======== Excerpted data
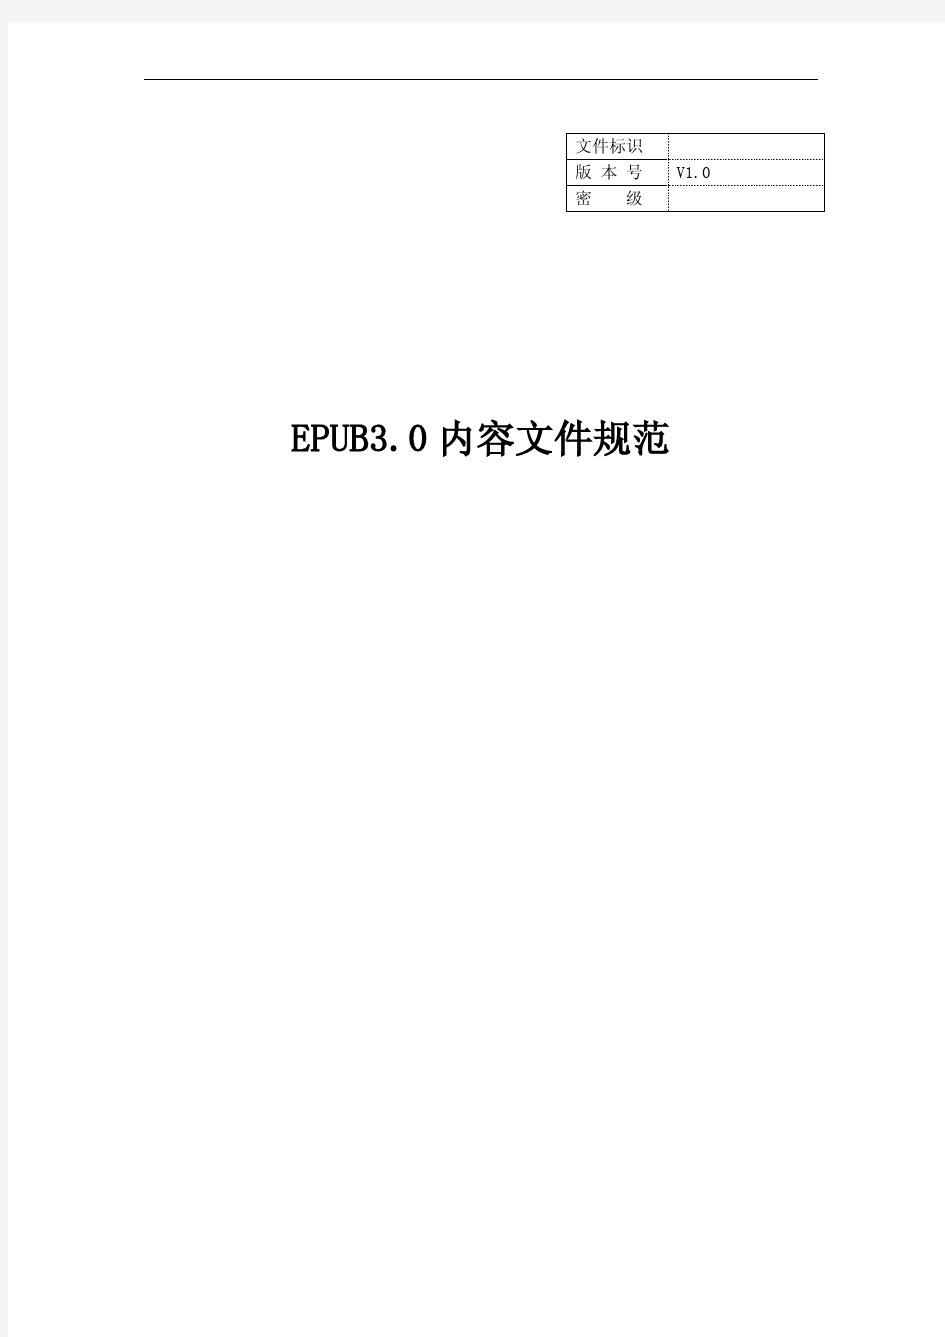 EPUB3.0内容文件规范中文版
================
======== Excerpted data
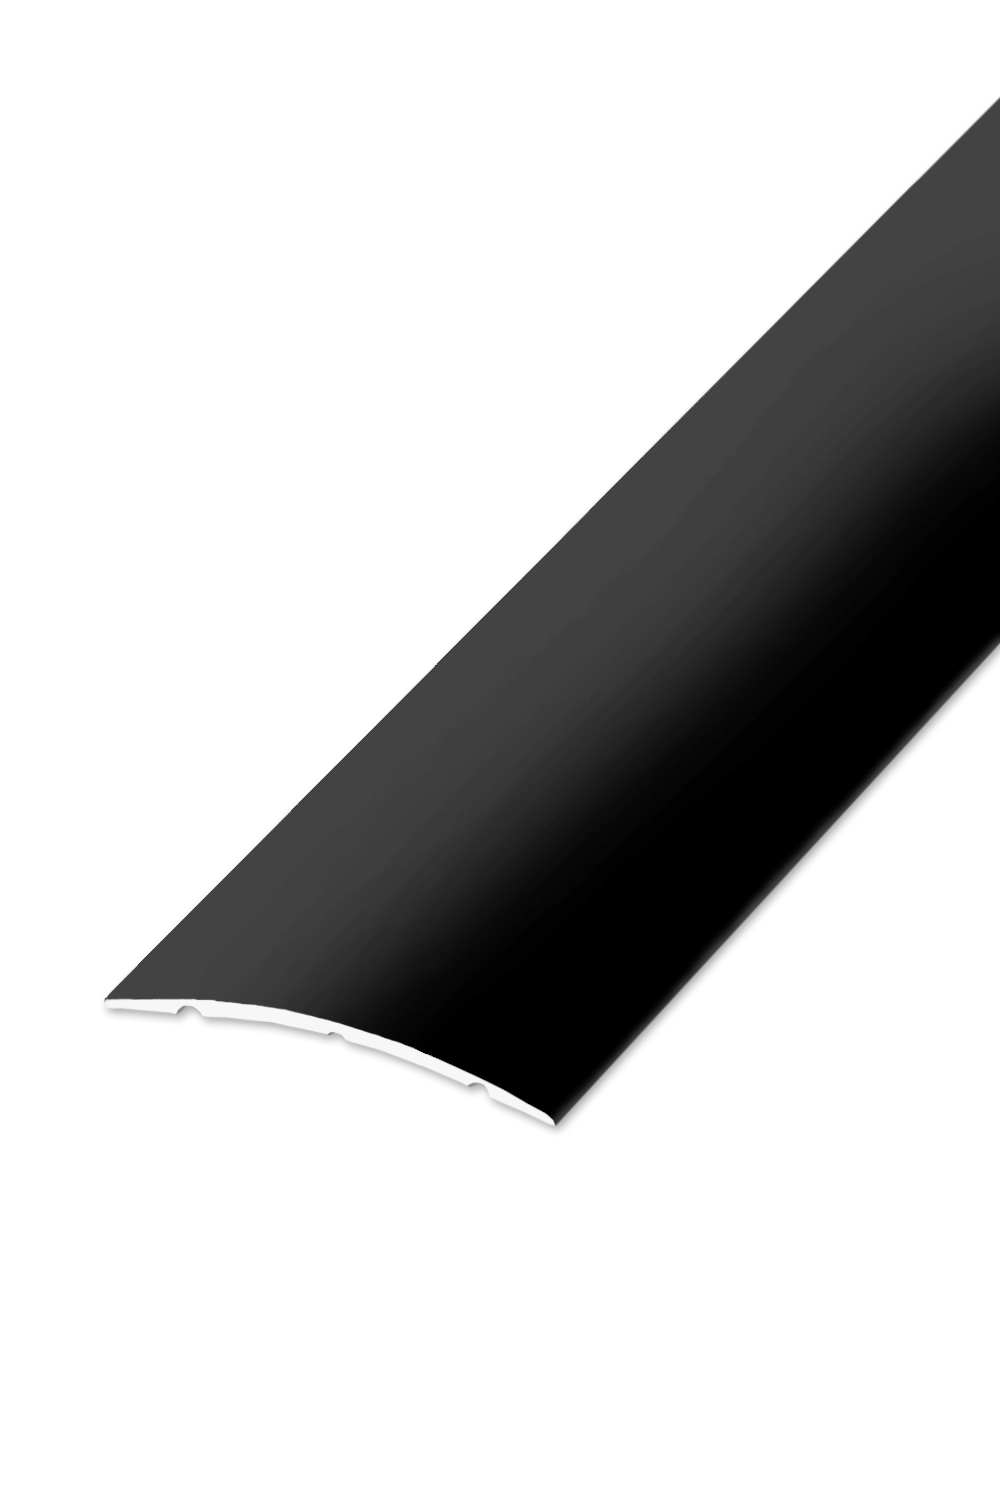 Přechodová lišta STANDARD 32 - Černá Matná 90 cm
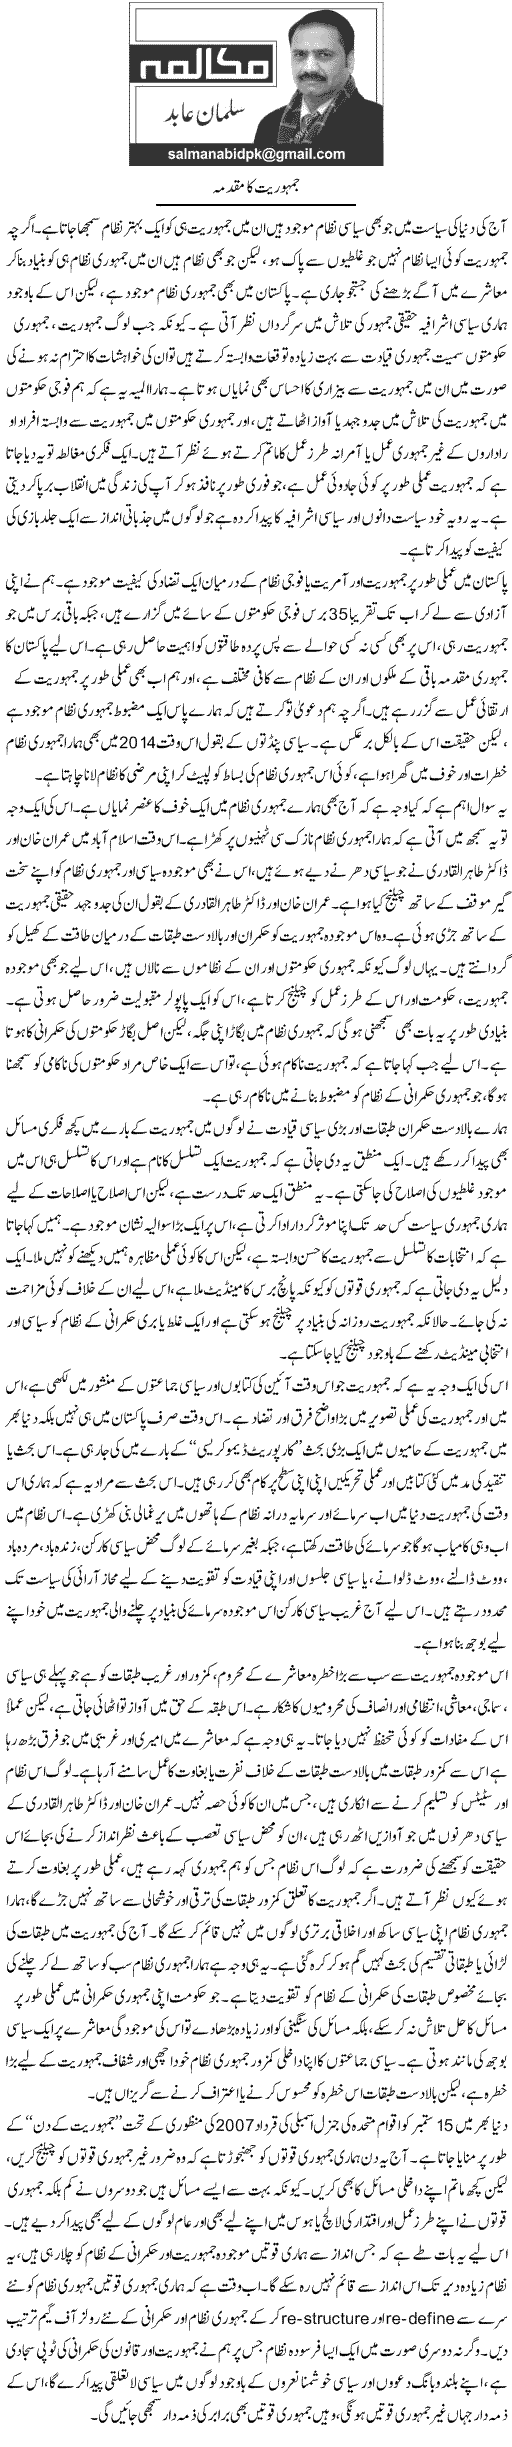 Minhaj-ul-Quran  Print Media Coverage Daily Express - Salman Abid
================
======== Excerpted data
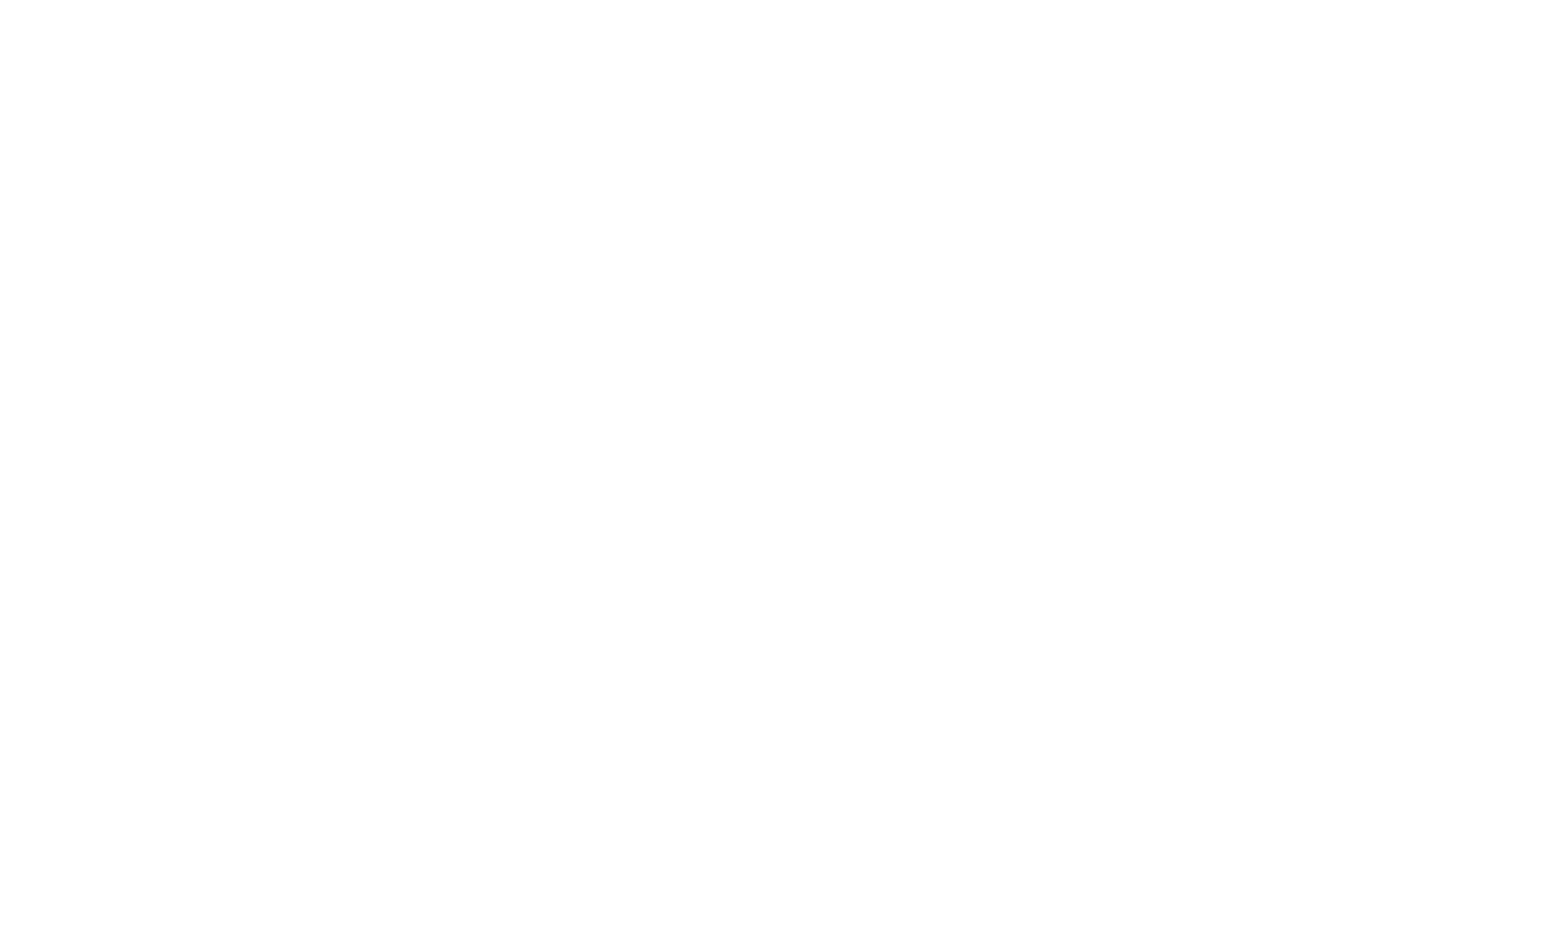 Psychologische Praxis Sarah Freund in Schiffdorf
================
▸ Exercise goal
The data above holds the lines to copy: start at the one with "Přechodová lišta STANDARD", stop at the one with "- Salman Abid", include both, copy them exactly without pictures, and copy nothing else.

▸ Task output
 Přechodová lišta STANDARD 32 - Černá Matná 90 cm
 Minhaj-ul-Quran  Print Media Coverage Daily Express - Salman Abid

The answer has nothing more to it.